PWAs are coming to iOS 11.3: Cupertino, we have a problem

Friday, February 23, 2018


After the surprise yesterday from a tweet from Ricky Mondello and then the Safari 11.1 beta Release Notes stating that Web App Manifest and Service Workers are implemented which means multi-platform PWAs are now possible, it’s now time to come back to the real world and see what’s what we have.

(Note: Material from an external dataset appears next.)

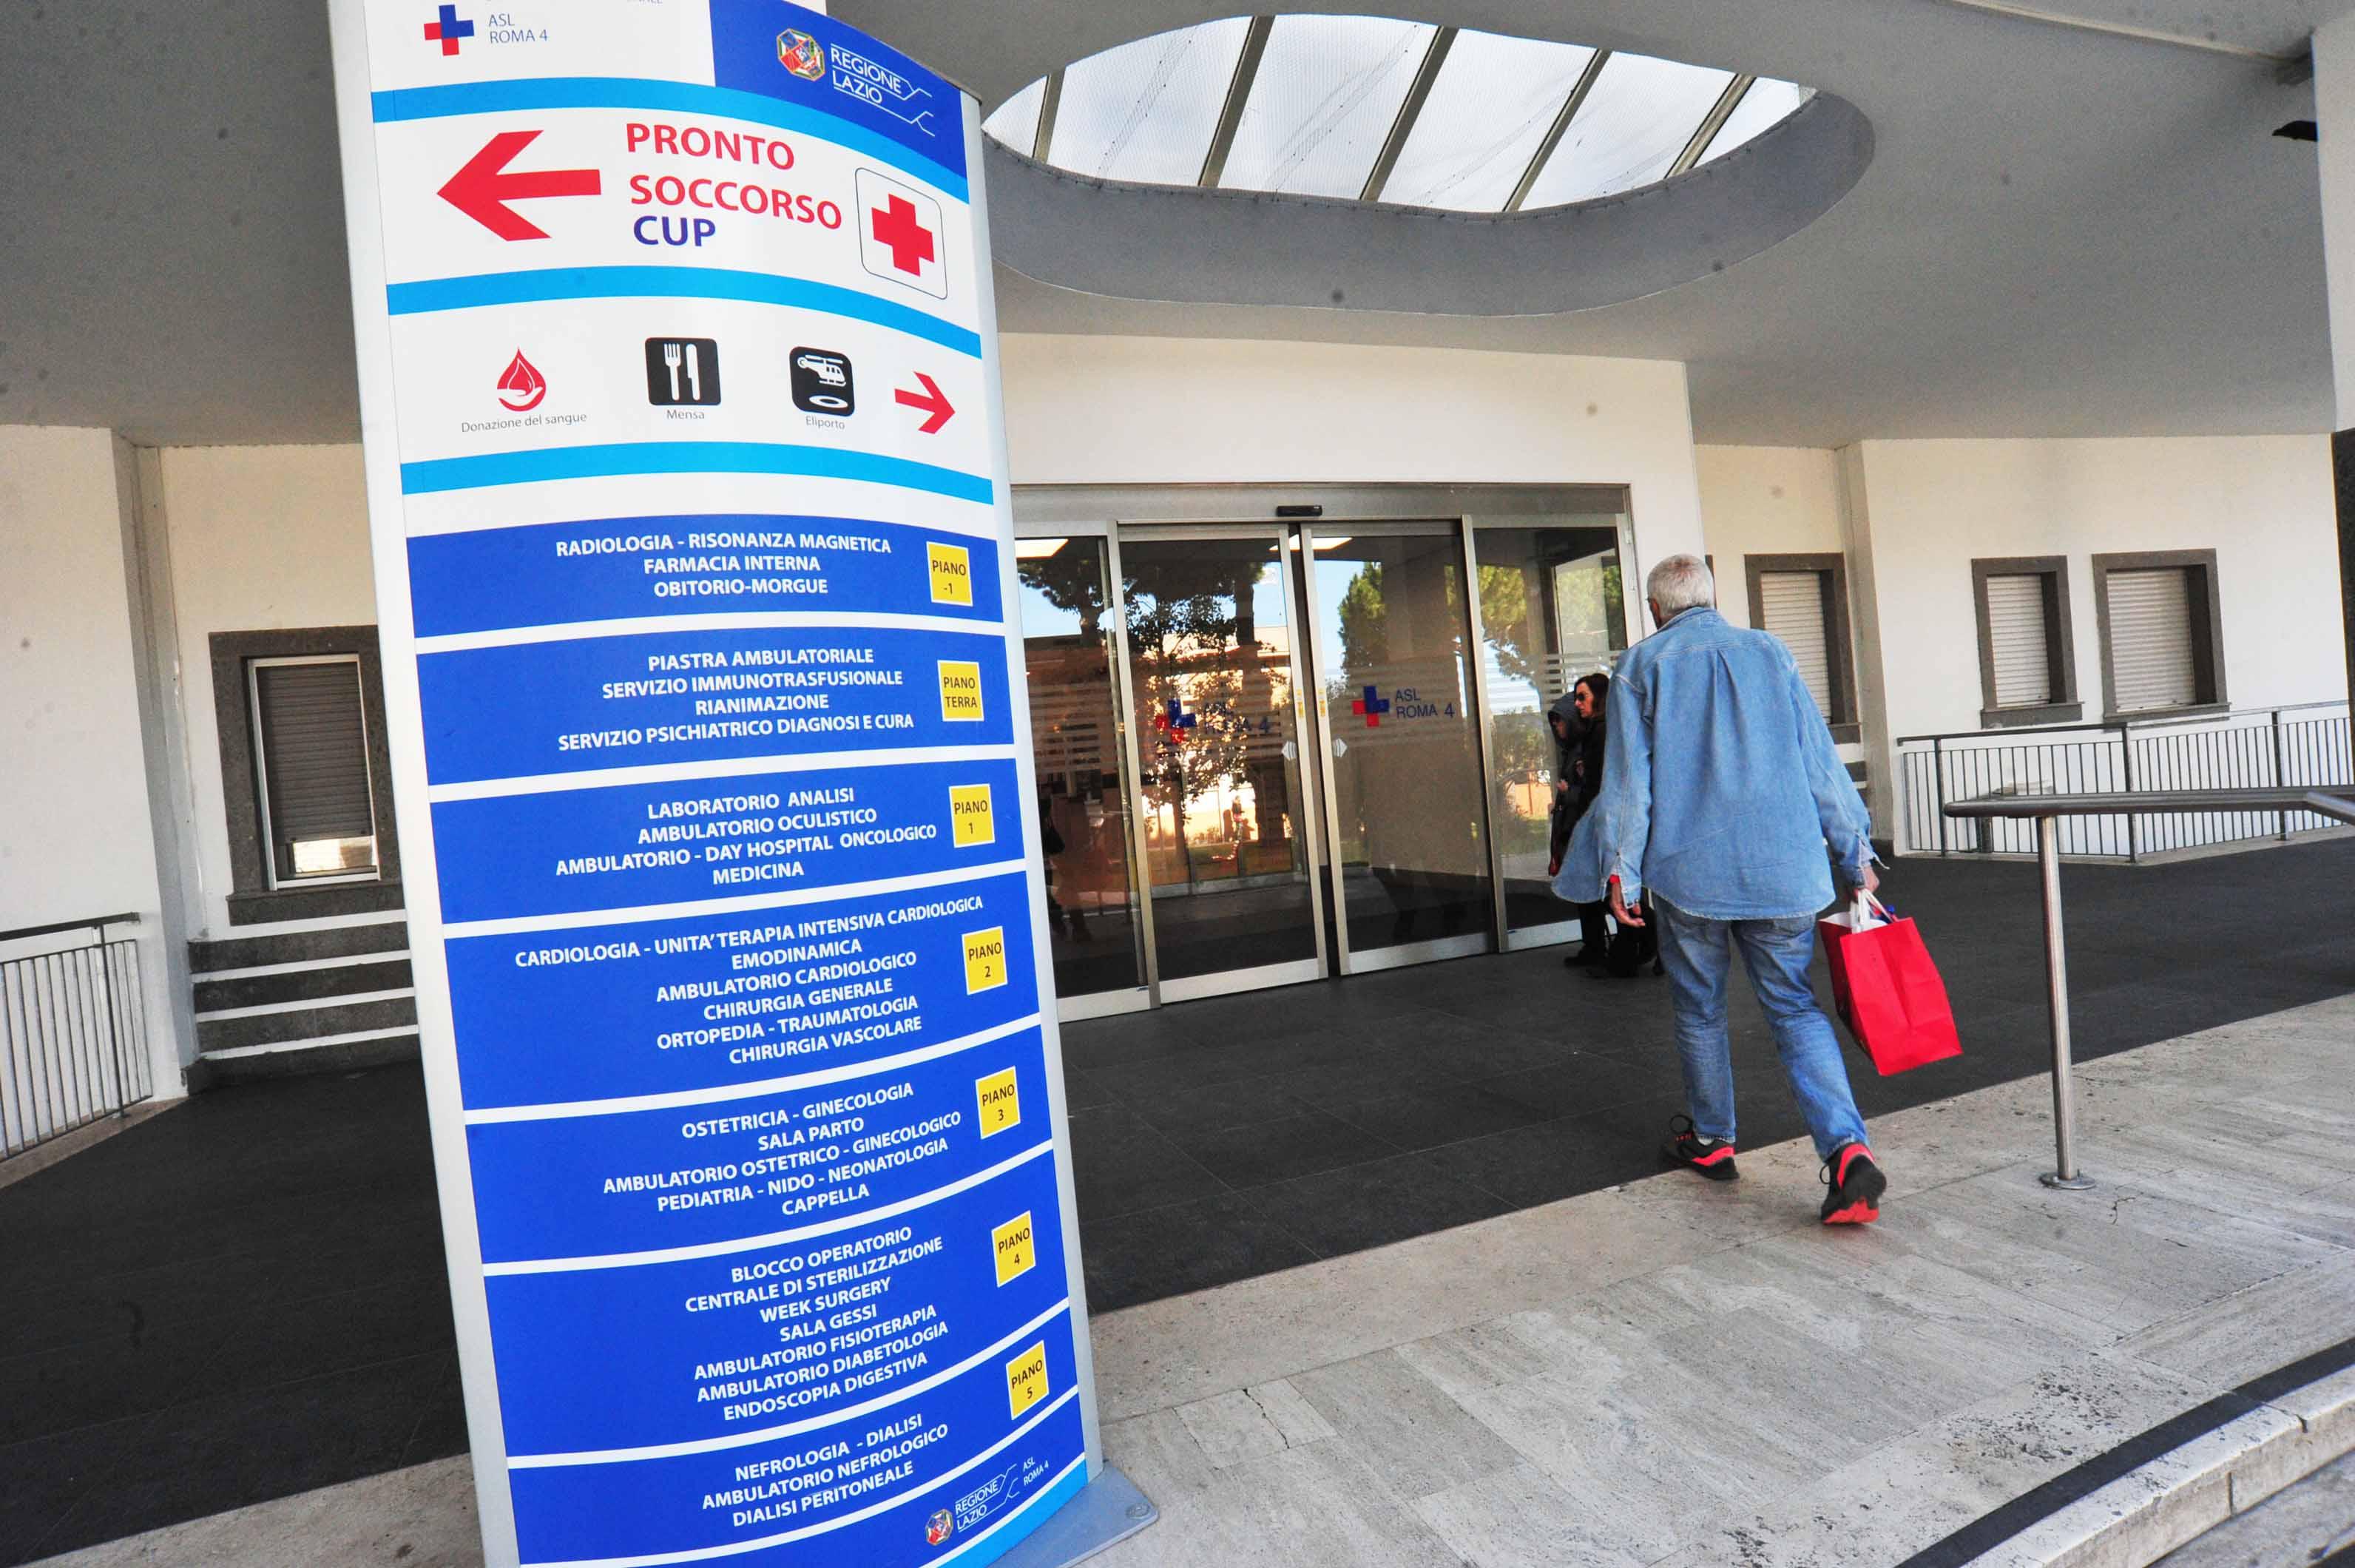 Ospedale San Paolo, il reparto covid sale a 30 posti letto

Update 8-Feb: Beta 2 is out and the WebKit blog has published an article on how Service Workers work on its platform. This post is updated with this information.





Testing is not easy

Testing these new additions on iOS is not straightforward because the Developer Tools on Safari won’t let you see the Service Workers on iOS yet, and the MessageChannel for the clients API that allowed us to communicate the Service Worker with its client is not however there. But I manage to play with it a couple of hours, and despite the bugs that I’m sure the WebKit team will solve for the final version with Unit Testings that are failing, I want to focus on significant differences that iOS PWAs will have compared with Android.

If you published a PWA or are about to release one, you must pay attention to the user experience and the issues you might have on iOS.

18 months ago (one and a half years already!?) I published “Don’t use iOS meta tags irresponsibly in your Progressive Web Apps.” Several companies such as Twitter and Flipkart took note at that time of these problems and remove the iOS meta tags or solved the issues (You are welcome for the free consulting ☺️).

At that time the problem was that some companies were opting in through Apple meta tags for home screen support for iOS without even testing and recognizing the differences between Android’s PWAs and iOS.

I’m sorry to confirm that most problems are the same that I stated 18 months ago, with one big difference: now you don’t need to opt-in into iOS; iOS will add support for Web App Manifest, so your PWA will be an iOS PWA automatically. But Apple didn’t mimic the same behavior as in Android which means: Cupertino, we have a problem.